# My first bench assembled



## ben arnott (Nov 15, 2008)

Hello Everyone - Last week I finally assembled my work bench. The material is nothing special. I'm pretty happy with how it came out. I learned a whole lot! This has been a great project so far. I'm now building the chop for a leg vise from a chunk of 8/4 hard maple I picked up last night. Here are some pictures of the bench so far. 

Regard, 

Ben


----------



## woodman42 (Aug 6, 2007)

Nice bench Ben.
Looks like you have a lot of work to do to break in those tools. Lol.


----------



## ben arnott (Nov 15, 2008)

Yes, the miter saw is brand new. I'm a carpenter in my day job. This shop is becoming my "second job" LOL


----------



## woodnthings (Jan 24, 2009)

*Nice work!*

You said the material is nothing special...what is it? Dour fir? or a Pine?
Nice joinery also.:thumbsup: bill


----------



## ben arnott (Nov 15, 2008)

Thanks! There are 12 giant mortise and tenon joints. I draw bored all of them with walnut pegs I widdled out of some scrap. The material is pine. When I started putting together a material list, I quickly realized that this bench would not be built out of hard maple. LOL I may have to surface the top a little more often since the wood is so soft, but the bench is heavy, it doesn't move and it will hold my work in place.


----------



## phinds (Mar 25, 2009)

Really nice. Just one problem ... it's too pretty. You need to get busy USING it so it takes on that patina of scratches and spilled stuff.:smile:

Seriously though, that's a really cool job.

Paul


----------



## joesdad (Nov 1, 2007)

Very nice bench. I need a few of those for my basement shop the wife doesn't know I'm going to build soon.


----------



## jdixon (Nov 21, 2007)

Ben, that is a great looking bench. Looks solid and should work for you for a very long time. Nice job!

John


----------



## jlhaslip (Jan 16, 2010)

shiny... I like it.

Cover the top with hardboard and replace as required. Saves having to redo the top.


----------



## woodnthings (Jan 24, 2009)

*"draw bored"?*



ben arnott said:


> Thanks! There are 12 giant mortise and tenon joints. I draw bored all of them with walnut pegs I widdled out of some scrap. The material is pine. When I started putting together a material list, I quickly realized that this bench would not be built out of hard maple. LOL I may have to surface the top a little more often since the wood is so soft, but the bench is heavy, it doesn't move and it will hold my work in place.

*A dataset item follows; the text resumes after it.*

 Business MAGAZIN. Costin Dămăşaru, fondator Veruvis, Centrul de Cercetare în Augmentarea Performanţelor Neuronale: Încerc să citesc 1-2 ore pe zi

Can I assume that's when you bore the holes a little out of alignment and driving the pegs in tightens or "draws" the pieces together...just a wild guess! :blink: bill


----------



## jlhaslip (Jan 16, 2010)

correct


----------



## ACP (Jan 24, 2009)

Very nice bench. I really like the little chamfer detail. I looks like a stout mofo. Nice shop too!


----------



## Kenbo (Sep 16, 2008)

2 words
SA WEET
:laughing:


----------



## sankofa (May 2, 2009)

Did you use construction grade material for the bench ?

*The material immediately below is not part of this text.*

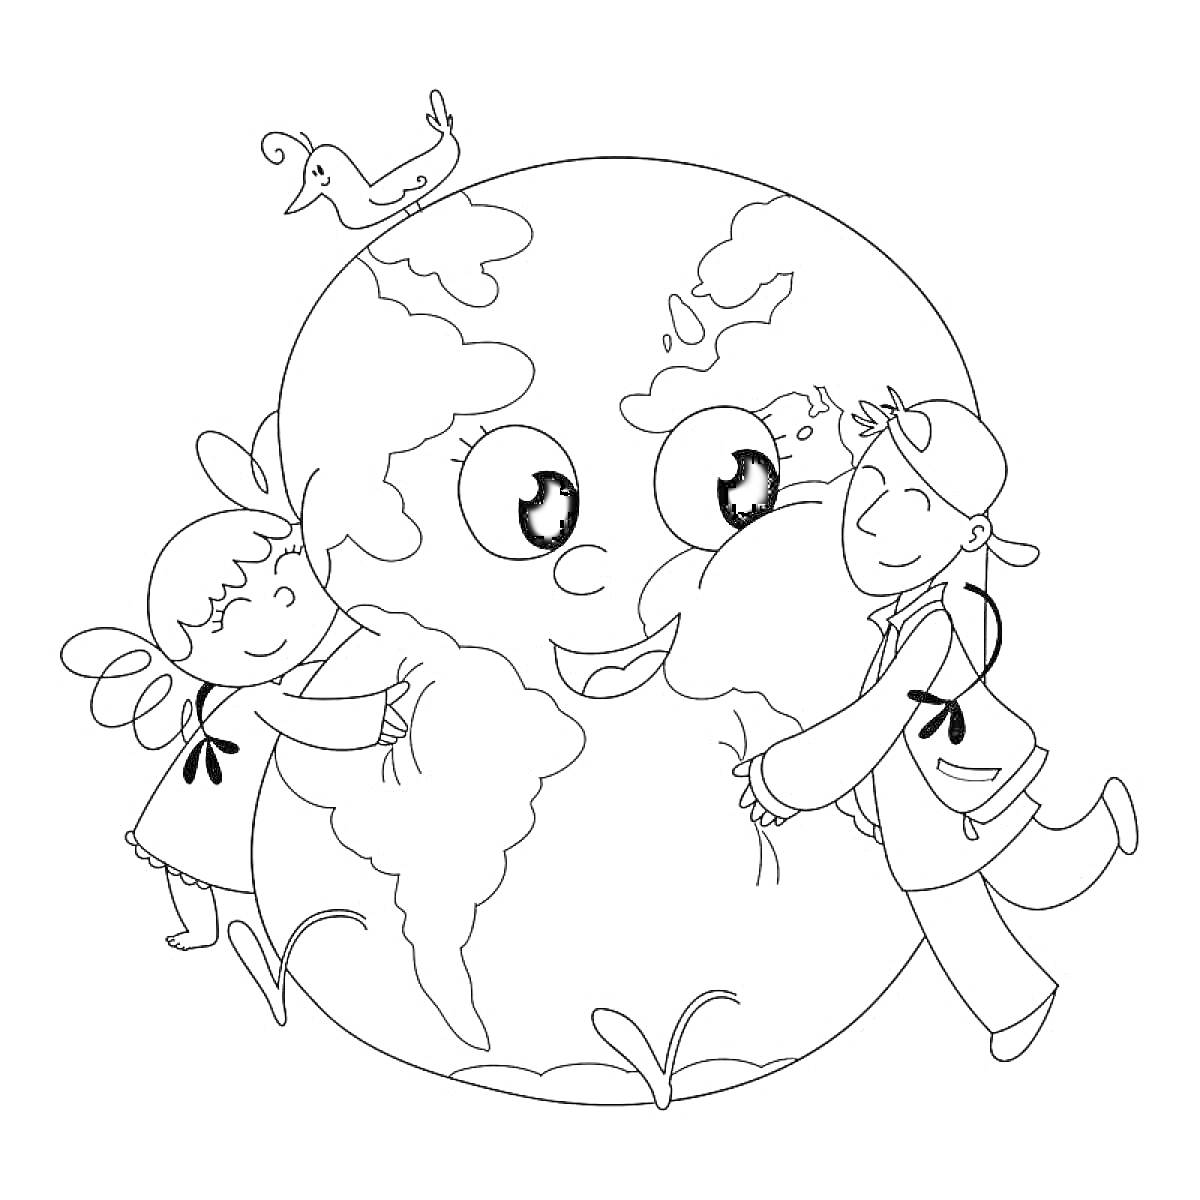 Земной шар с лицом и дети, обнимающие его, рядом птица

The legs and stretchers are so massive....Im wondering if you took dimensional lumber and laminated the pieces together to form legs and stretchers.

Great looking bench....sturdy looking...crisp and clean...


----------



## ClarkMcGill (Aug 20, 2009)

I dont know if I would want to work on top of it! Way to nice to destroy!!! Great job!


----------



## ben arnott (Nov 15, 2008)

Thanks for the nice comments. This bench was based off of the French bench in Christopher Schwartz book on work benches. The chamfered edges were more utilitarian than for aesthetics but they give it a nice look. The reason I chamfered the edges is so that the grain didn't blow out (tear out) while hand planing it. 

The legs are four 1 3/4 thick by 4 laminated together. The middle two boards are cut longer by 2 inches to make the tenons. The stretchers are two 1 3/4 by 4 laminated together. Th inside board is cut 2 1/2 inches longer to make up the stretcher tenons.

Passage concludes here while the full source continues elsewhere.